The data below is to be transcribed word for word; pictures are to be excluded.

» RECORDED DATA
--*--

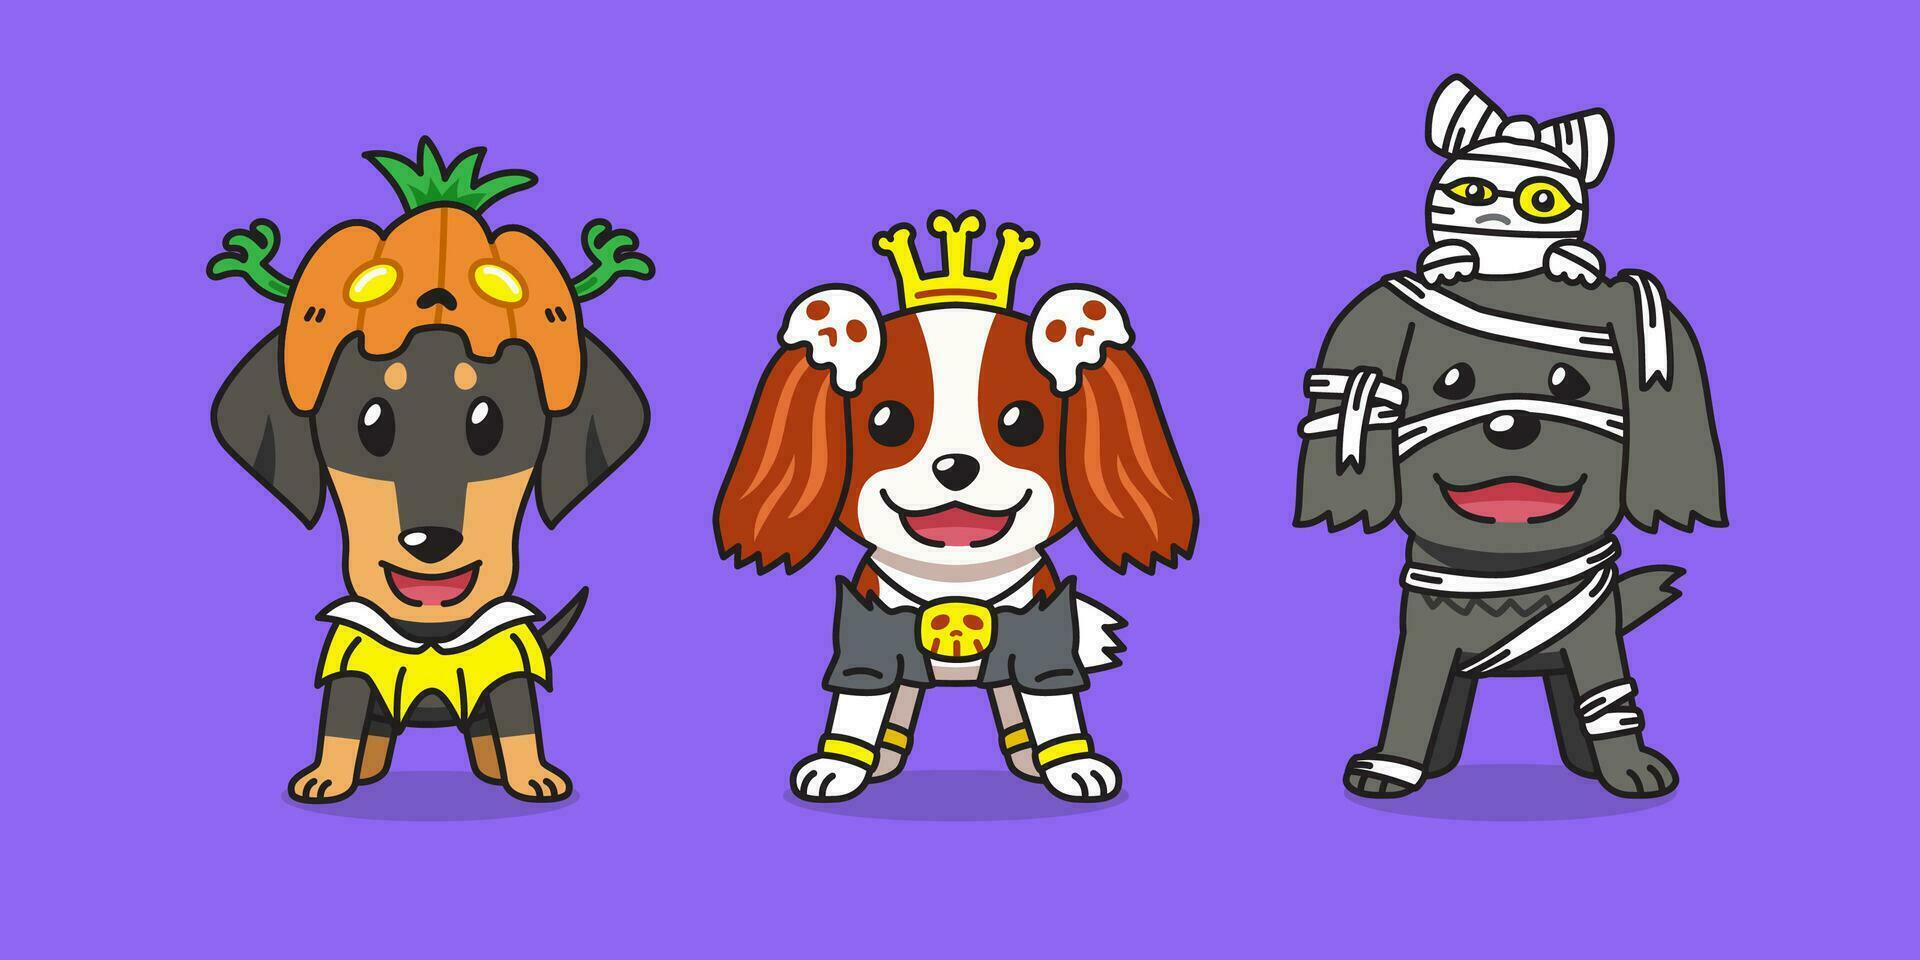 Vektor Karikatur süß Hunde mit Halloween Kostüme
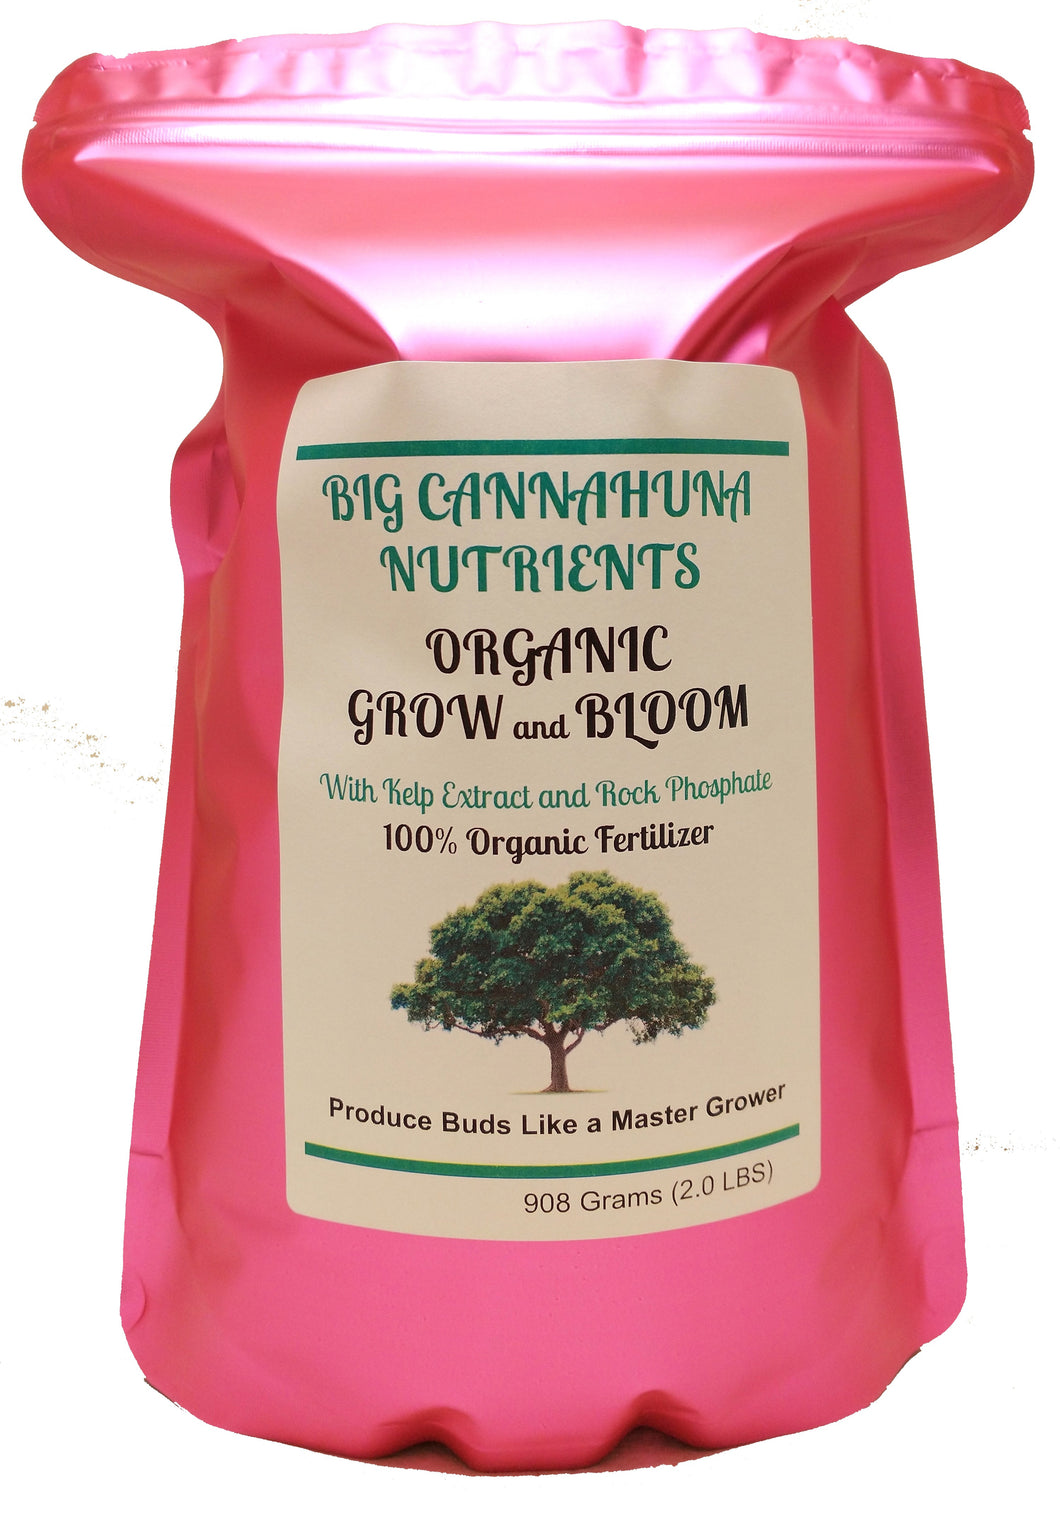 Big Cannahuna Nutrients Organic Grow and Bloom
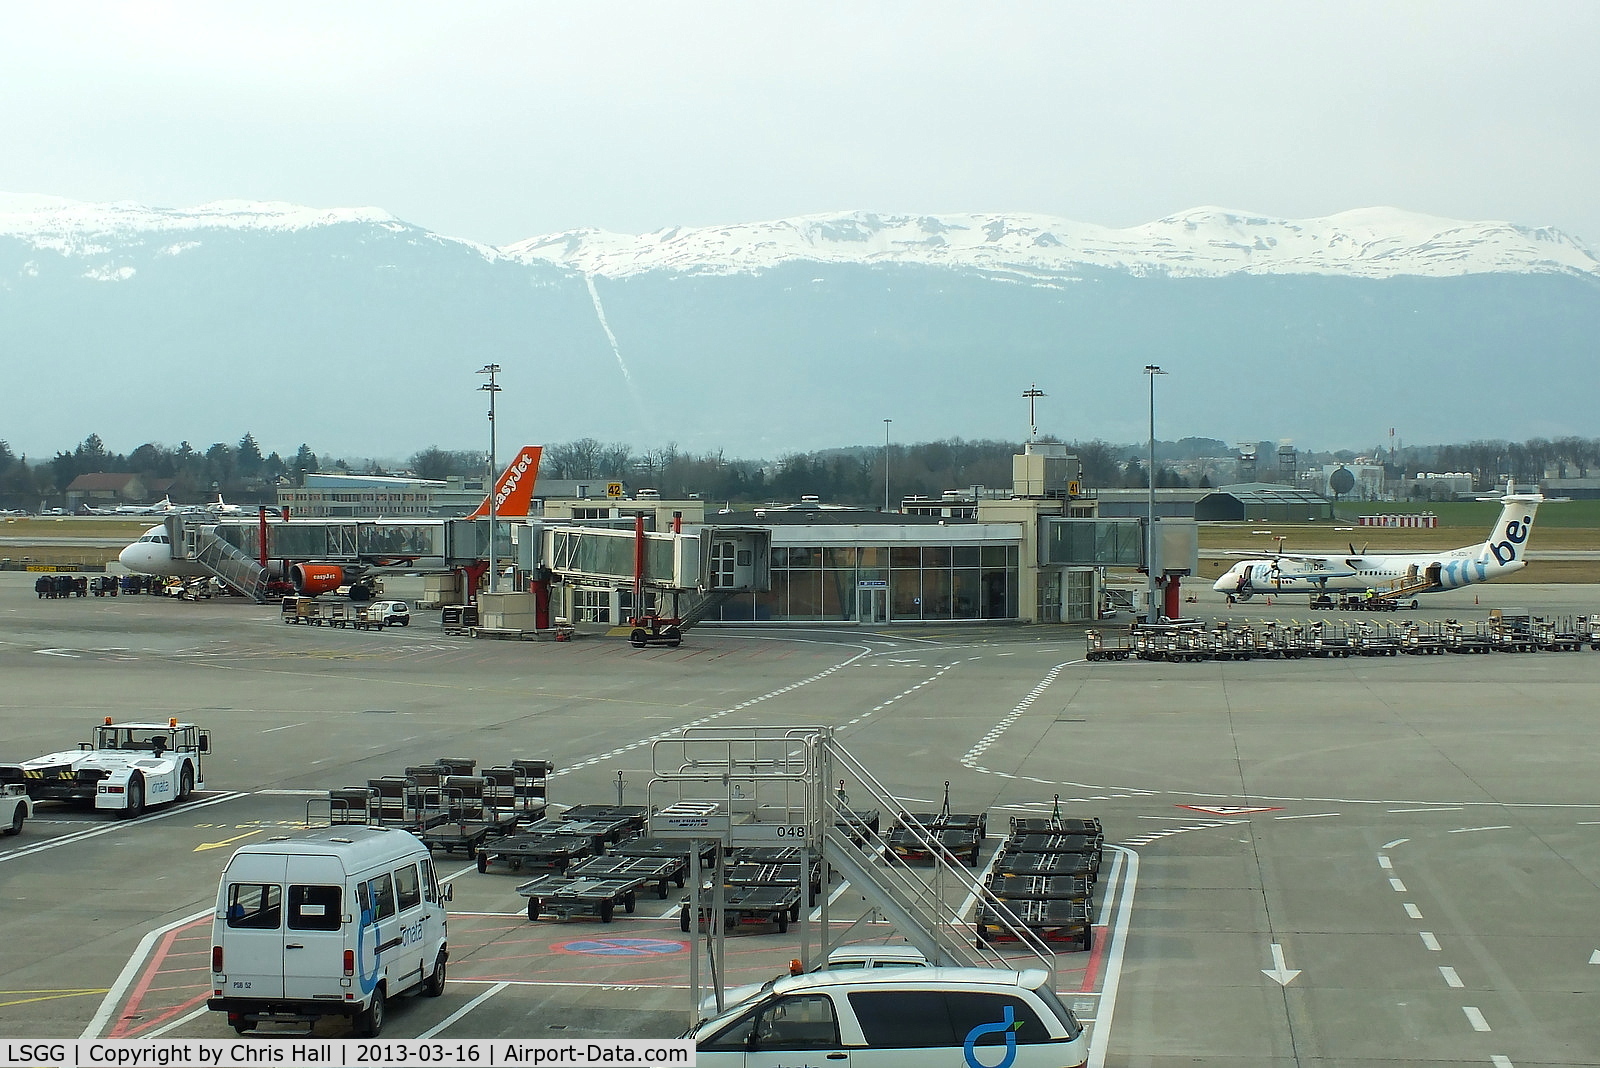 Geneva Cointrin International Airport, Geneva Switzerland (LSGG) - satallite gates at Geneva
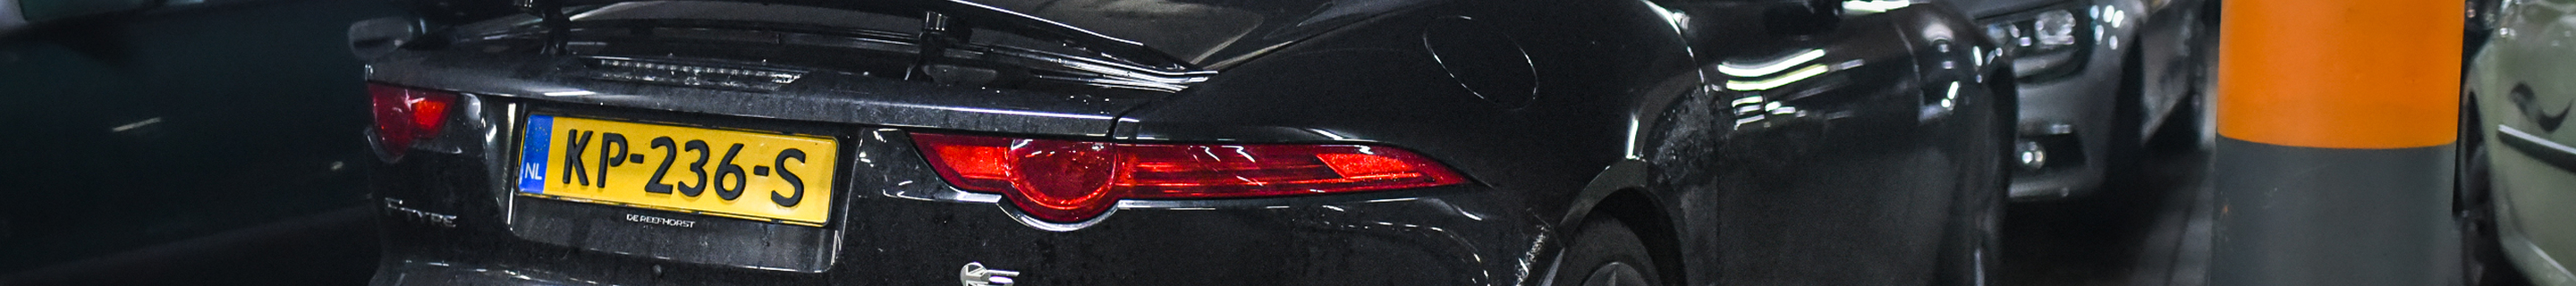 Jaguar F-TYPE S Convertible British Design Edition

--*--

» EXERCISE RESULT
 Vektor Karikatur süß Hunde mit Halloween Kostüme
 Big Cannahuna Nutrients Organic Grow and Bloom
 Geneva Cointrin International Airport, Geneva Switzerland (LSGG) - satallite gates at Geneva
 Jaguar F-TYPE S Convertible British Design Edition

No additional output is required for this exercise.